Must trustors fully cease ownership of data? Might they retain full ownership while handing over control, determination of allowable use, and enforcement of allowable use to the trust?
When a trustor donates data and/or code to a civic digital trust, what risks and legal obligations are also transferred to the trust?
Inclusive governance and decision making. How to manage different obligations with respect to private and public data? There is a potential for compliance rather than impact as central objective. How is compliance enforced?
The trustee needs to know what the interests of the beneficiaries are – so civil representation will be critical – such as through citizen representatives.
The potential of a data trust is in creating an additional fiduciary requirement on the trustees to manage data and algorithms in the interest of the beneficiary. However for that to be the case the beneficiary needs to be actually able to hold the trustee to account or enforce their interest. This means the beneficiary needs to know of a wrong; have the technical capacity to prove it; and then the financial capacity to enforce it.
Is a data trust less agile than more collaborative cross-sector data for good projects?
If the scope of the trust is only a legal framework with no technical controls it may become harder for the trust to enforce. In practice, it may end up as a more retrospective validation or audit process, rather than fully pro-active management body.

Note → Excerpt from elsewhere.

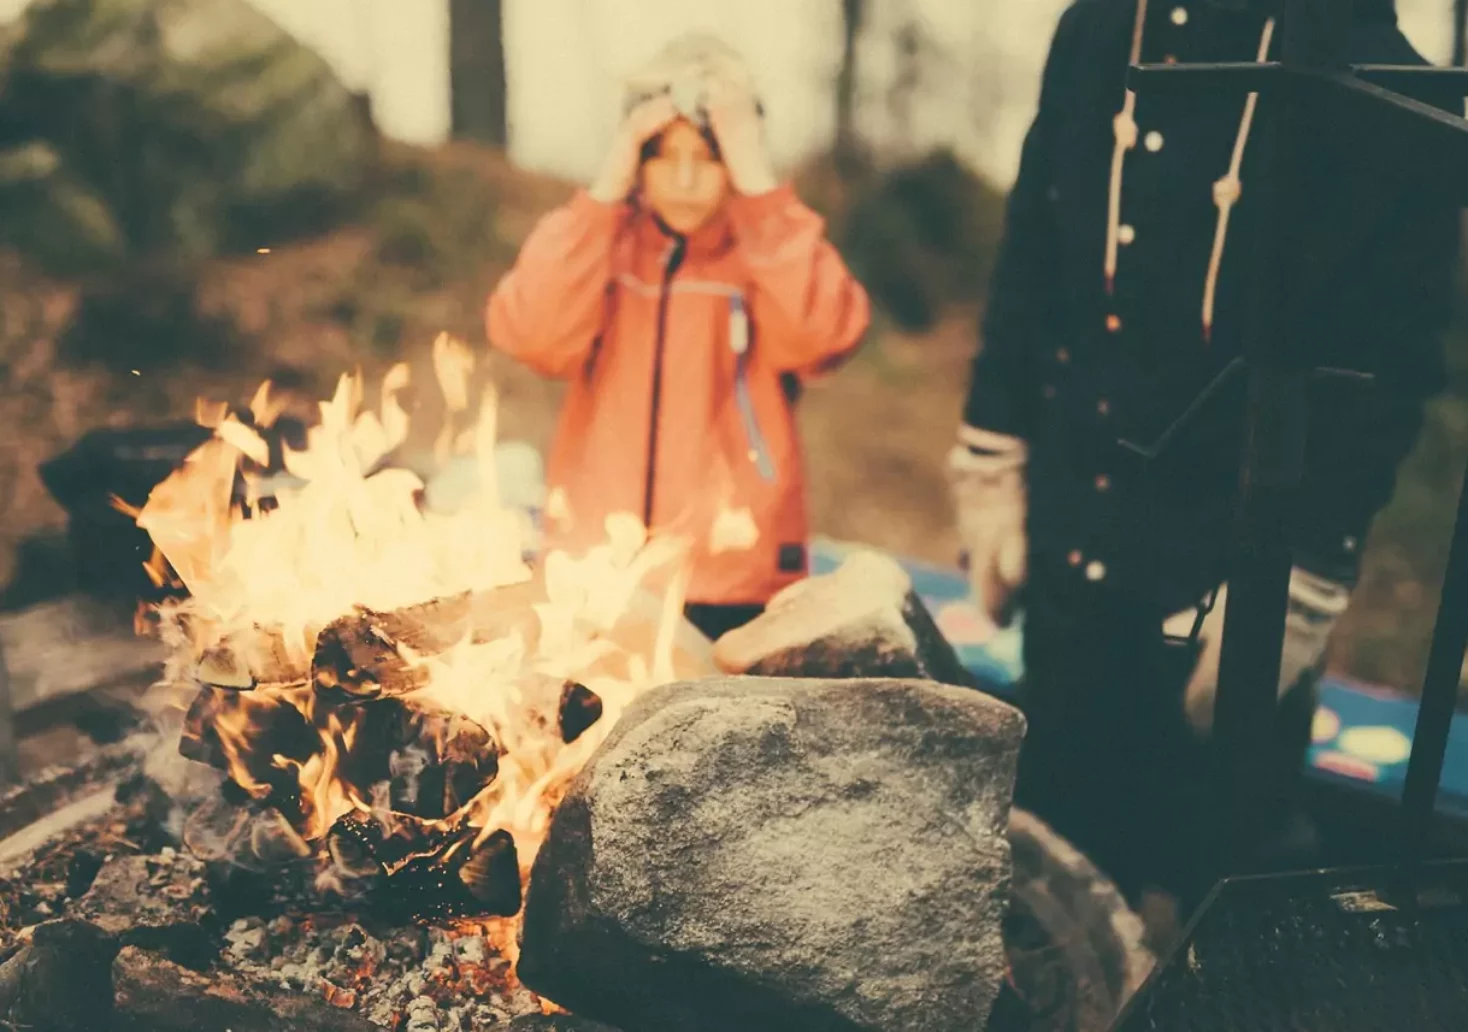 Bild auf 5min.at zeigt ein Kind bei einem Lagerfeuer.
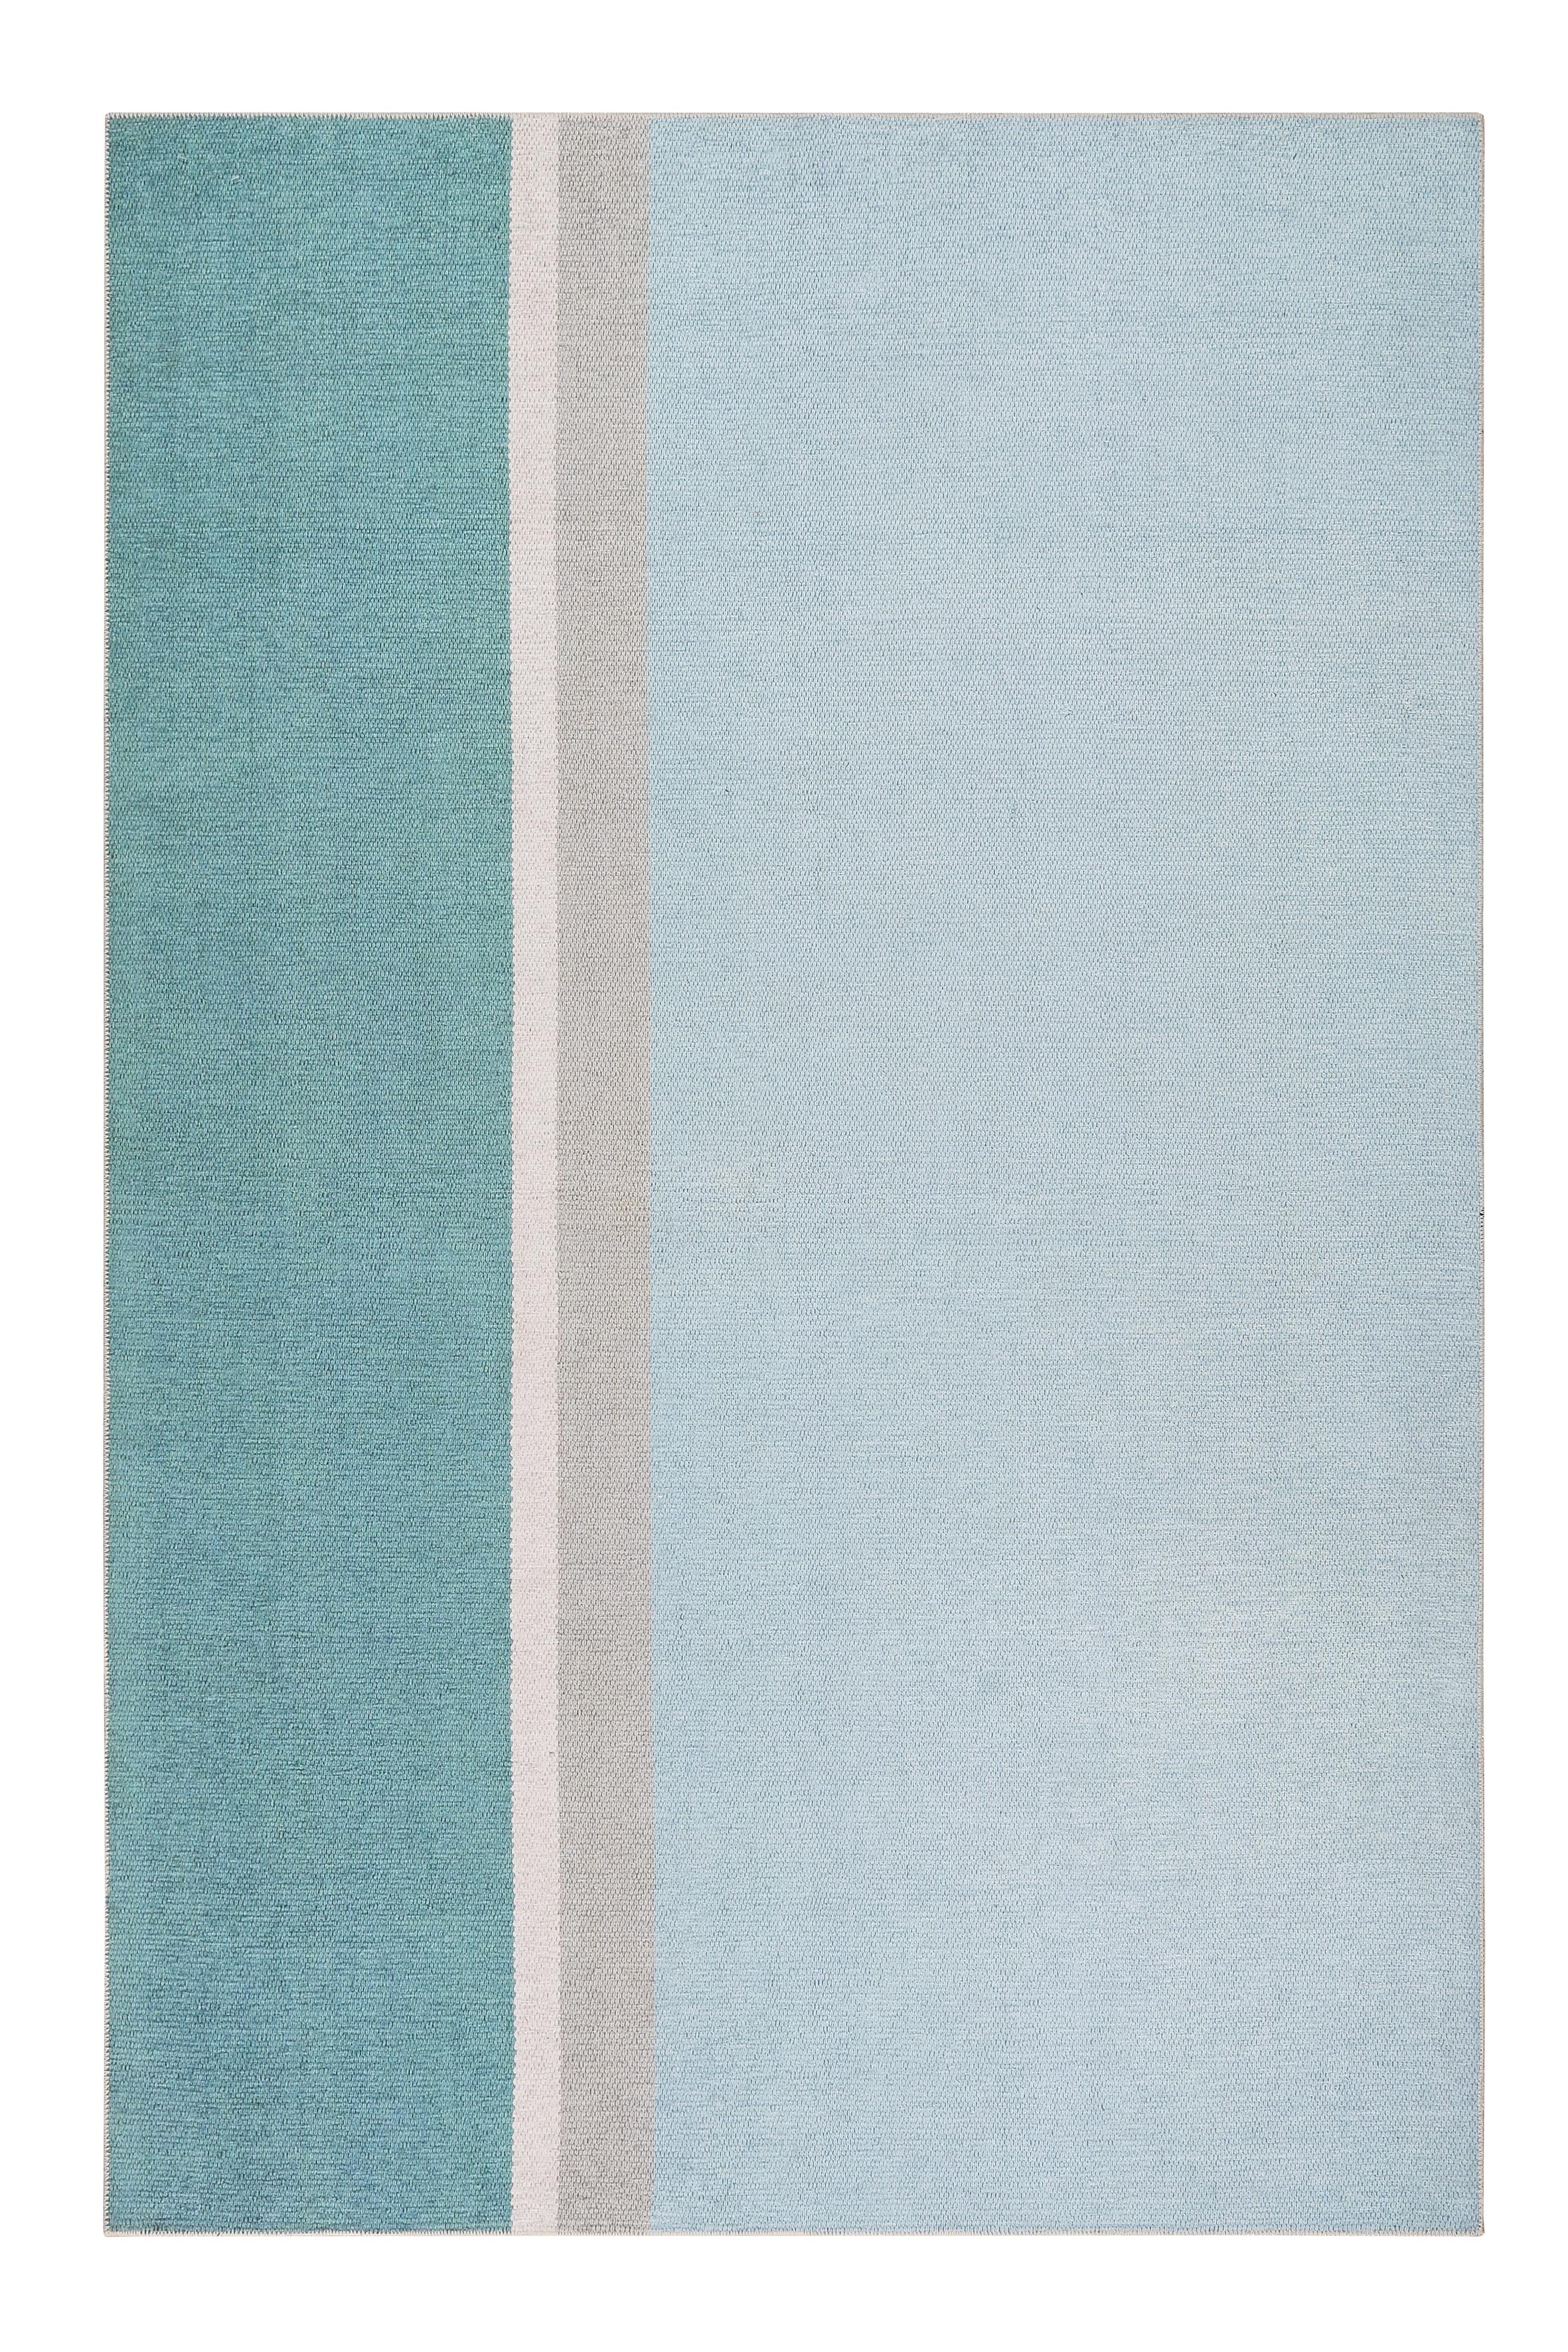 Flachwebeteppich Saltriver - Blau/Beige, KONVENTIONELL, Textil (60/100cm) - Esprit

Technical controls make the tracking and enforcement of allowable data uses more realistic. However, such technology will add operating cost to the trust and create the need to integrate those technical controls with the technology used by the trustors and licensees, which imposes a cost of participation on them. Given the current state of the art in data use audit and tracking, some significant further development may also be required for sufficient functionality to be widely available.
Will the technical architecture of the trust be secure? What are the risks of re-identification?